| What this task involves |
Quote all of the data that follows exactly as written, skipping the images.

───── Provided data ─────

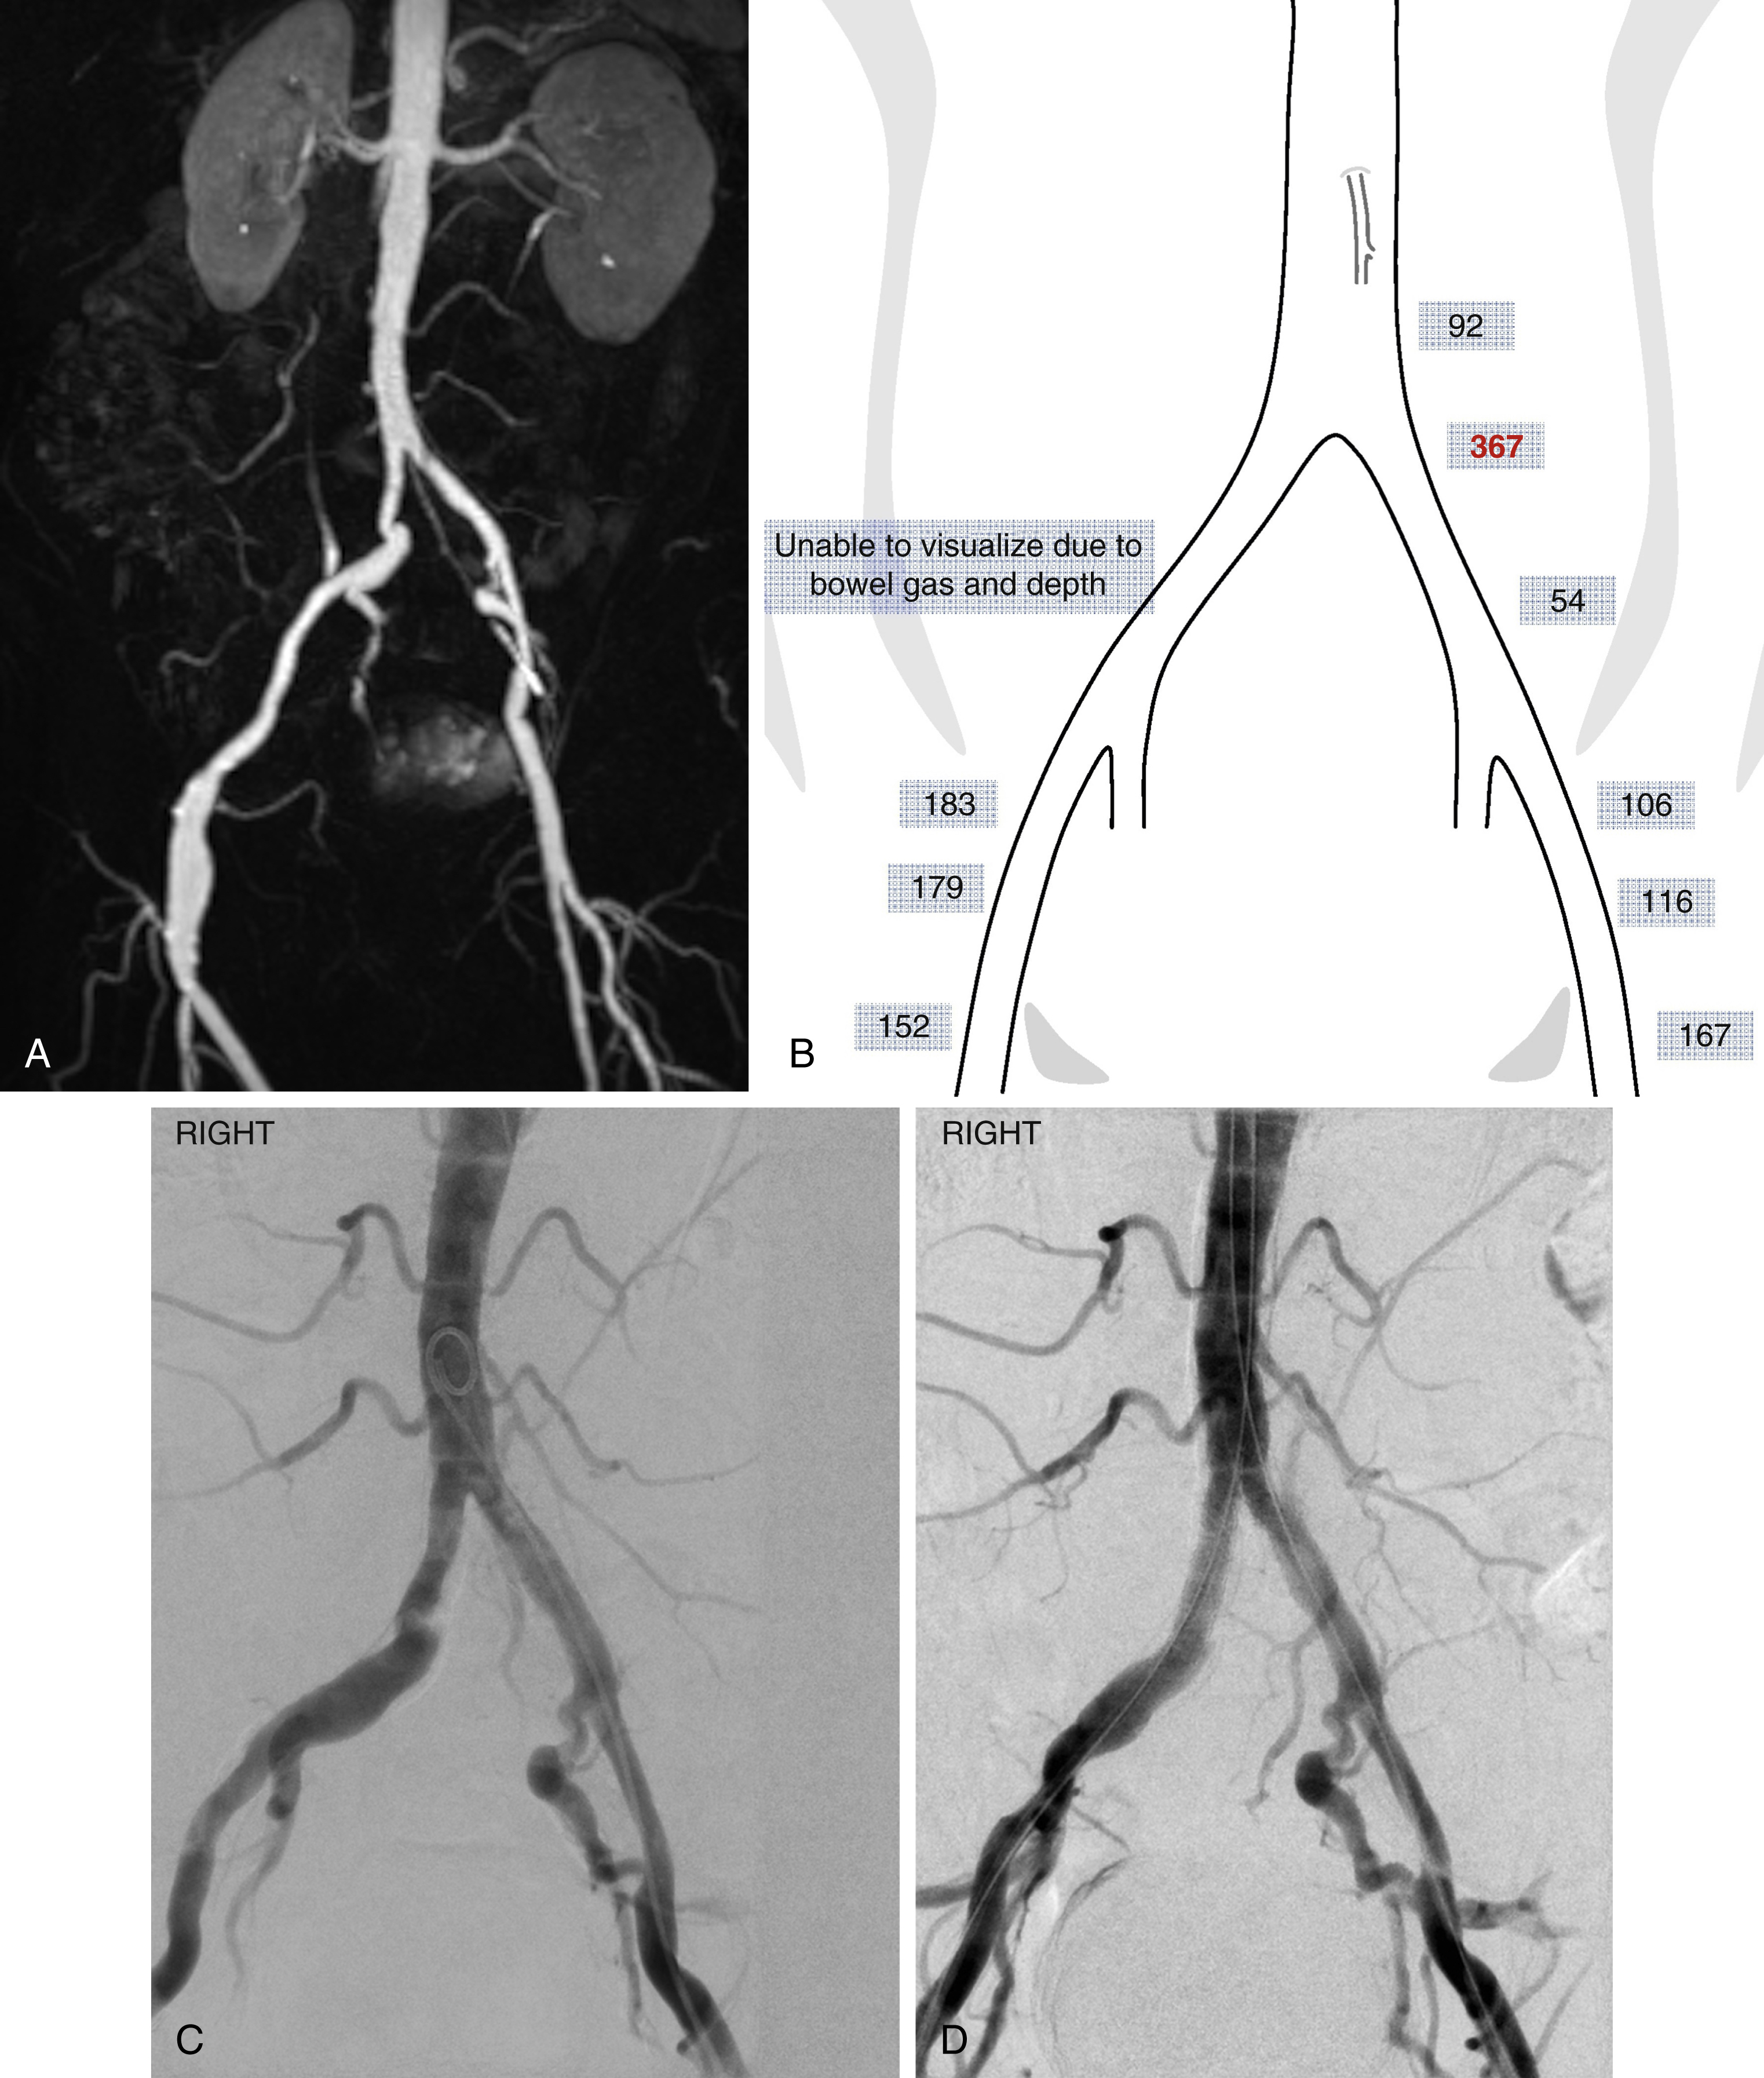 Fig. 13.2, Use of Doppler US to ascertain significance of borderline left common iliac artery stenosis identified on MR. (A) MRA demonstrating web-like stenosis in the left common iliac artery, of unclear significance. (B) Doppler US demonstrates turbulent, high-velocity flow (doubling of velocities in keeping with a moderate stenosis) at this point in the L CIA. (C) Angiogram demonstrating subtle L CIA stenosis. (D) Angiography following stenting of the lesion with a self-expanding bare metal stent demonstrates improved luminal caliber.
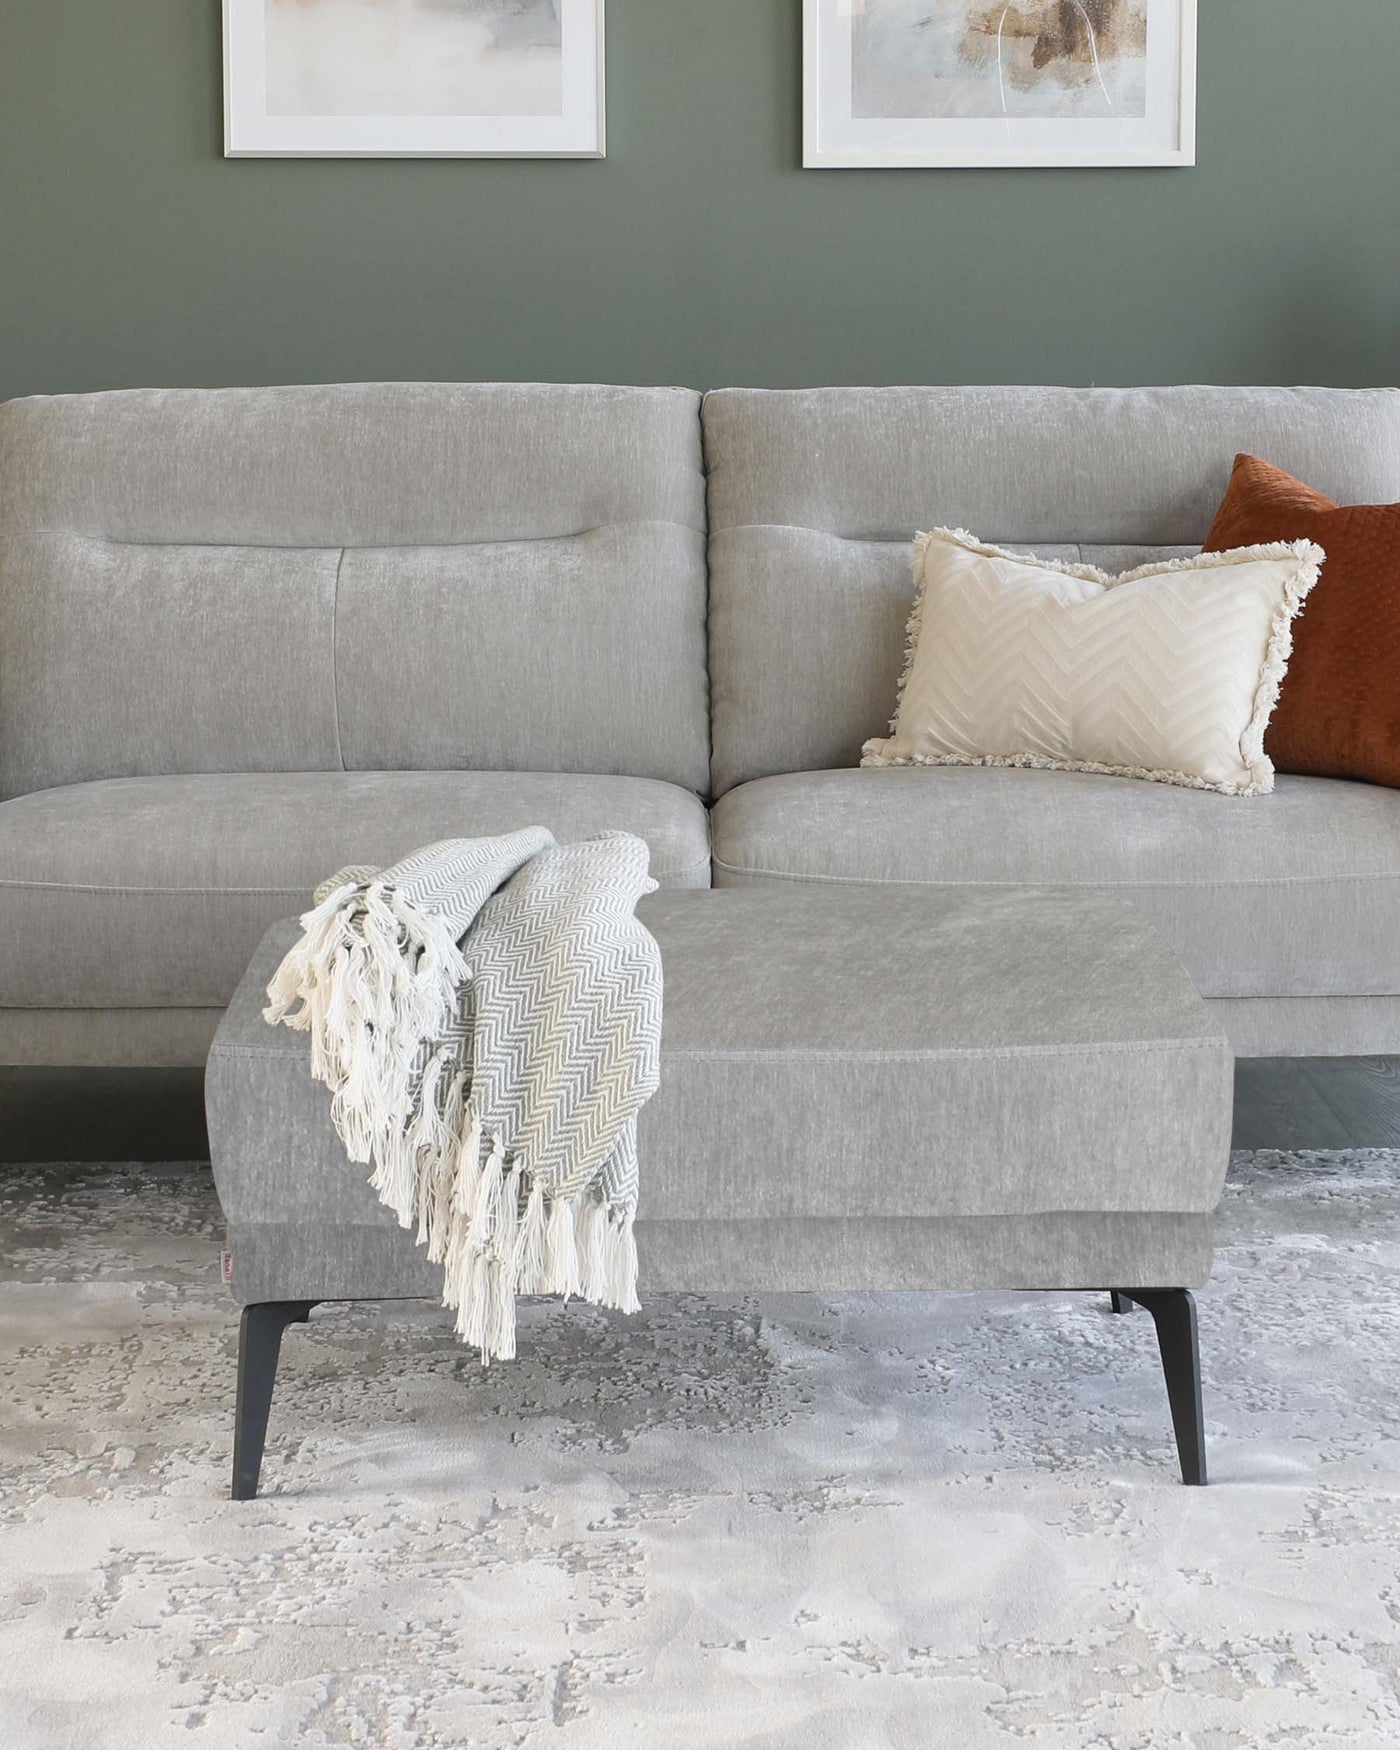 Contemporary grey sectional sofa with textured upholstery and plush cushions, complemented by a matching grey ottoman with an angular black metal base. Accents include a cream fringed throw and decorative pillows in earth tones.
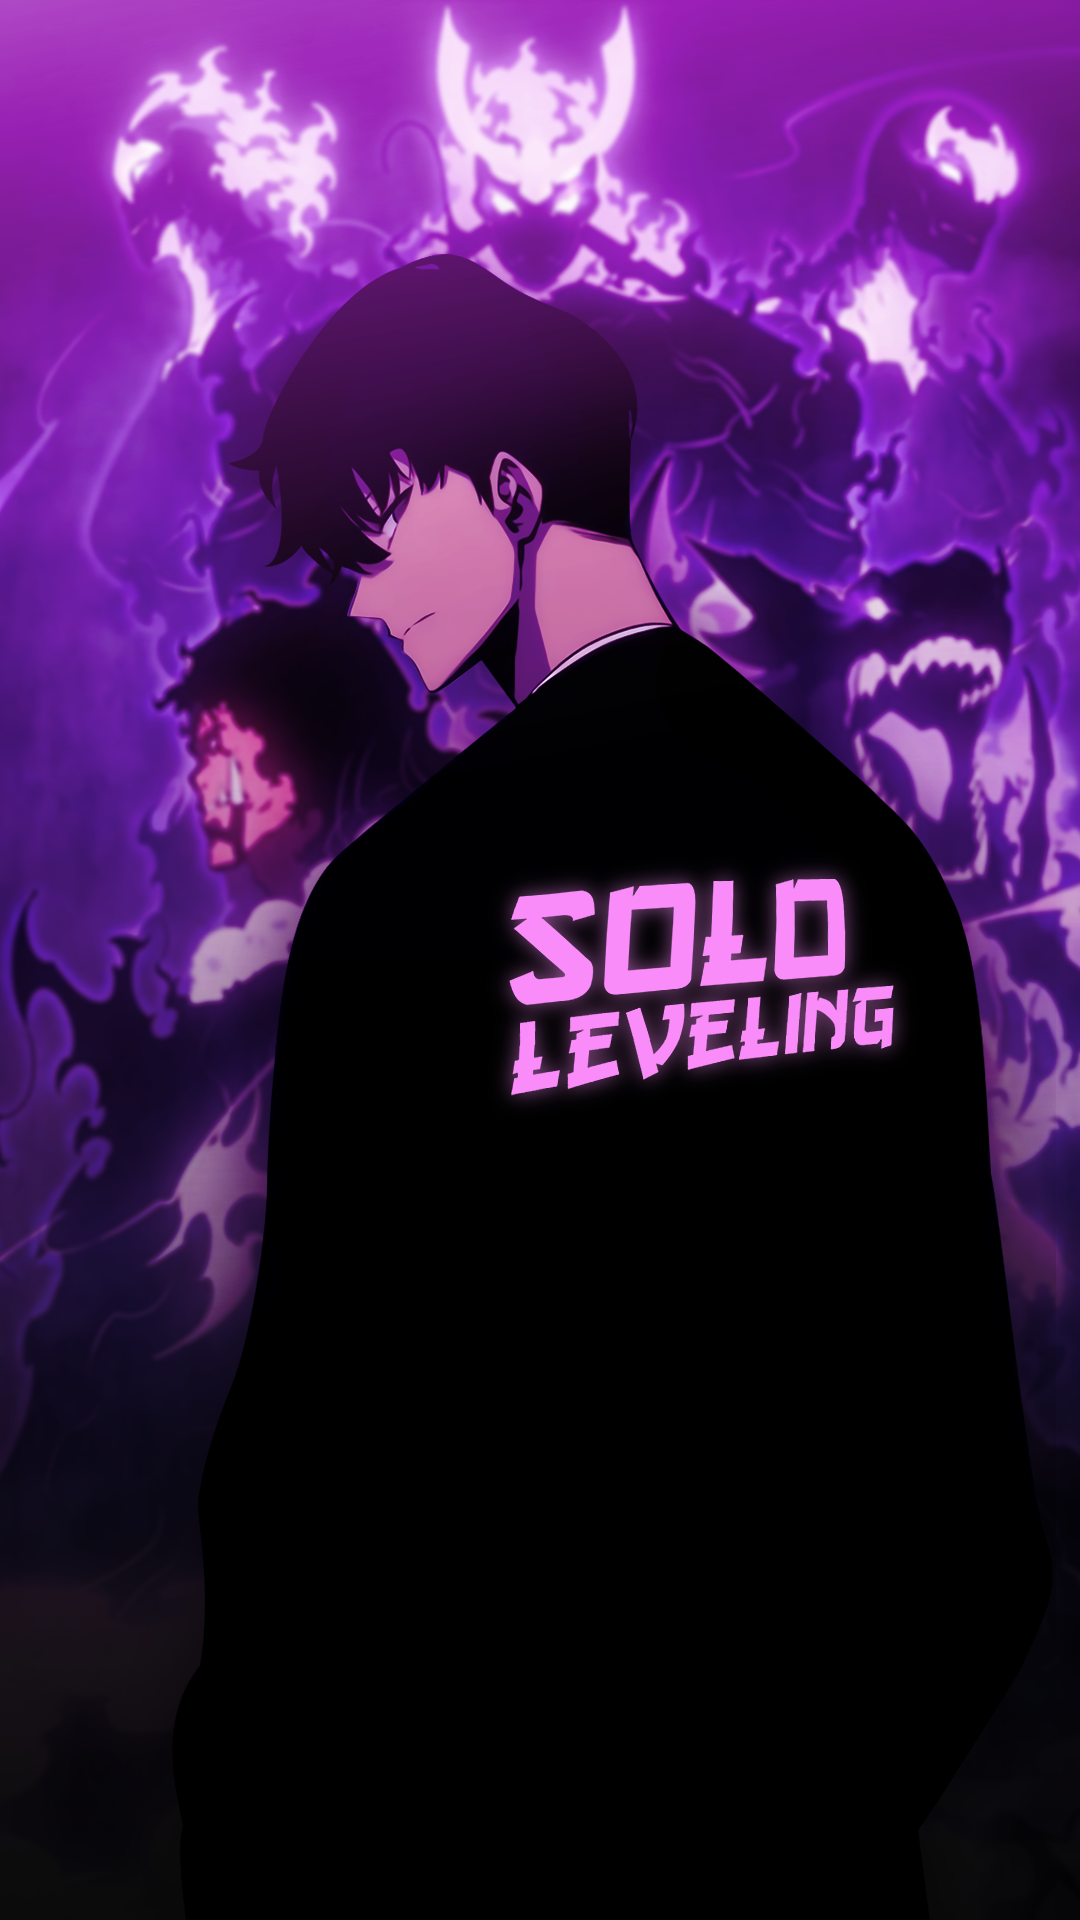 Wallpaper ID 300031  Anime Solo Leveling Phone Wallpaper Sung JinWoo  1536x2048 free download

─────

| Written response |
 Fig. 13.2, Use of Doppler US to ascertain significance of borderline left common iliac artery stenosis identified on MR. (A) MRA demonstrating web-like stenosis in the left common iliac artery, of unclear significance. (B) Doppler US demonstrates turbulent, high-velocity flow (doubling of velocities in keeping with a moderate stenosis) at this point in the L CIA. (C) Angiogram demonstrating subtle L CIA stenosis. (D) Angiography following stenting of the lesion with a self-expanding bare metal stent demonstrates improved luminal caliber.
 Contemporary grey sectional sofa with textured upholstery and plush cushions, complemented by a matching grey ottoman with an angular black metal base. Accents include a cream fringed throw and decorative pillows in earth tones.
 Wallpaper ID 300031  Anime Solo Leveling Phone Wallpaper Sung JinWoo  1536x2048 free download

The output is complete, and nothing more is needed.